В первых числах июня в монастырь примчались деревенские мальчишки во главе с Колькой Серовым — Николкой, как звала его Мария. На правах старых знакомых они солидно пожали друг другу руки и уселись под навесом дровника. Колька пошмыгал носом, снял картуз и достал из-под подкладки пакет.
— В правление пришло. Дядя Евсей сказал мигом доставить. Вот.
— Помялся дорогой? — спросил Александр, беря слегка помятый и мокрый с краю пакет.
— Мы, это, белополяков гнали, ну я в овраг-то и скатился, — сказал Колька и задорно засмеялся. Александр взъерошил ему вихры и спросил, открывая пакет:
— Много шляхты-то нарубал?
— А то! Гляди, какая шашка, — Колька гордо продемонстрировал любовно выструганную кривую берёзовую ветку.
— Важное что, дядя Саша? — спросил он, не в силах побороть любопытство. Ведь если важное, то он, Колька, получается совсем герой. Председатель сельсовета сказал «срочно, мухой», он доставил и весть важная. Получается герой.
— В Псков придется ехать. Приказ пришел. Ты, Колька, настоящий связной, связь обеспечил. Молодца, держи пять.
— Надолго, дядь Саш?
— Не знаю. Про то в приказе не написано.
«С получением сего, старшему лейтенанту Слащеву А.Я. надлежит прибыть…числа июня сего года к военному коменданту г. Пскова за получением дальнейших приказаний». Слащев хмыкнул — а как же конспирация? Мало того, что звание на ступень выше, так настоящей фамилией назван. Неужели?! В глуши новостей нет, но если выходит ему амнистия, то получается, что до этой семейки с двойной фамилией добрались. Жаль, честное слово. Ему просто до зуда в руках мечталось самому поставить точку в их проклятой жизни. Ну, да ладно, что случилось — то случилось. К пользе и благу страны. А зуд в руках мы другими уймём, остались еще и, к сожалению, не мало. «Но ведь мы здесь именно для этого. Чтобы не осталось вражин, ни старых, ни молодых, которые потом страну убивать будут. Они нас тогда, мы их сейчас. И чтобы ни одна сволочь не смогла спрятаться и уцелеть. Ни одна»!
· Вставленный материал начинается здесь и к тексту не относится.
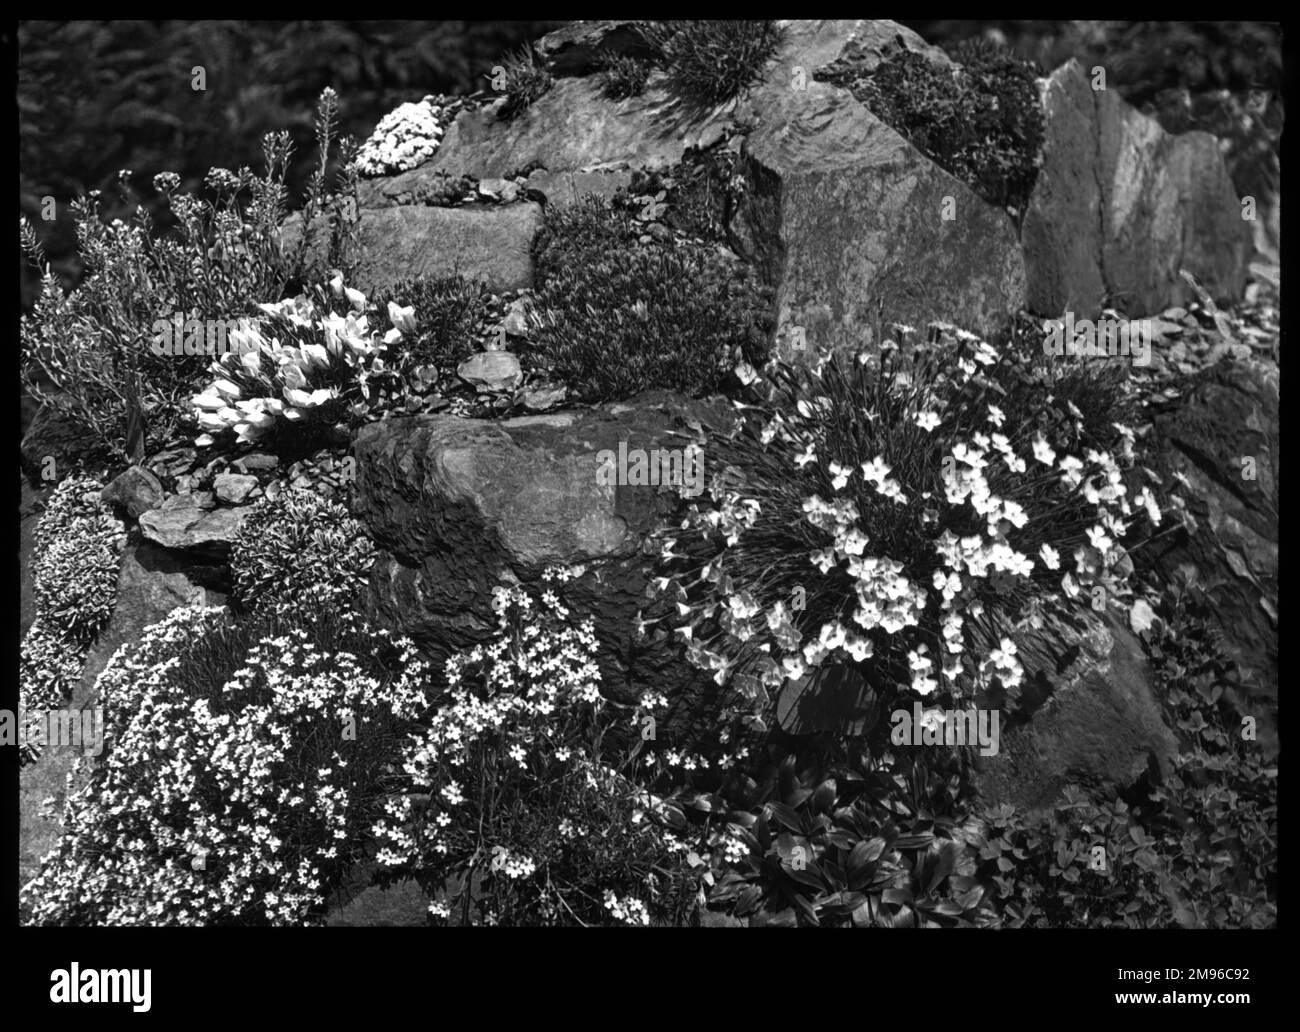 Una serie di Dianthus in un ambiente roccioso. È una pianta fiorita della famiglia delle Caryophyllaceae, con molte specie. Foto Stock

Через день он въезжал в Псков на подводе, отправленной председателем на базу за запчастями, и, заодно, прихватившей его. Переехали мост через Великую. Слащев слез с подводы, попрощался с возницей и двинулся вверх к псковскому Кремлю. Подходя к комендатуре, увидел бойцов в малиновых околышах и немного подобрался — мало ли что. Возле самого крыльца его окликнули:
— Явился — не запылился, бродяга?
— Егоров, сучий потрох! Ну-ка, иди сюда, буду тебе секир-башка делать, не смотря на охрану.
— Смотри не опупей, аника-воин.
Они похлопали друг друга по спинам и Слащев спросил:
— Слушай, Егоров. Ты почему мне про Машу не сказал? Я, понимаешь, к бабке ехал, а тут такое чудо. Свинство с твоей стороны, я же чуть дара речи не лишился. И главное, подарить нечего. Стою, понимаешь, как вор на ярмарке и глазами хлопаю.
— Ладно, не бузи. Не мог же я свою невесту расхваливать. Да ты бы и не поверил, согласись.
— Везунчик ты, Егоров. Хотя и зараза. Не знаешь, комендант на месте?
— Знаю. Нет его, — и, глядя на вытянувшуюся физиономию Слащёва, добавил: — Ни в жизнь не поверю, что не понял, кто тебя вызвал.